───── EXERCISE DATA ─────

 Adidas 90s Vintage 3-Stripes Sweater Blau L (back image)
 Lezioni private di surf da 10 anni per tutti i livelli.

─────
───── EXERCISE DATA ─────

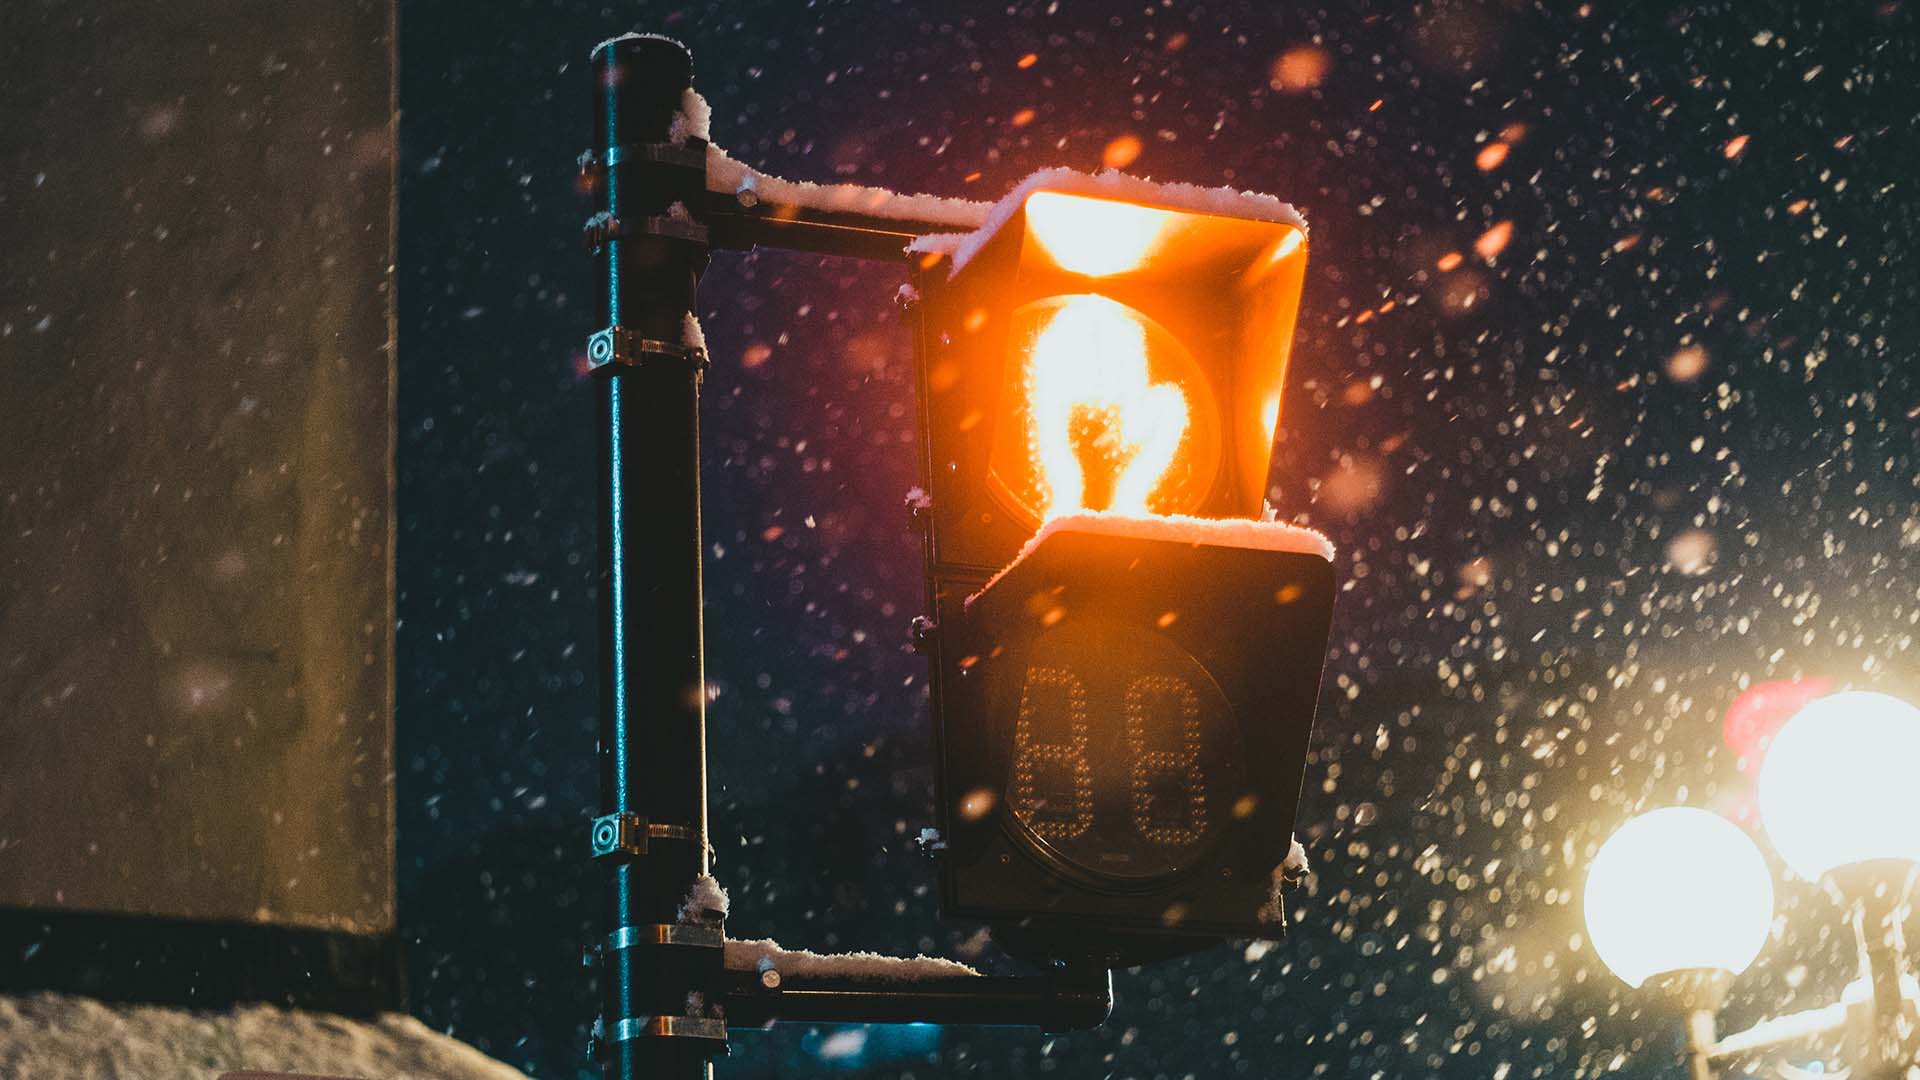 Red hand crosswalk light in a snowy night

─────

*WORK TO BE COMPLETED*. Within the data above, the lines from the one with "Adidas 90s Vintage" to the one with "Lezioni private di" must be repeated exactly; no other line belongs in the answer.

*ANSWER SECTION*.
 Adidas 90s Vintage 3-Stripes Sweater Blau L (back image)
 Lezioni private di surf da 10 anni per tutti i livelli.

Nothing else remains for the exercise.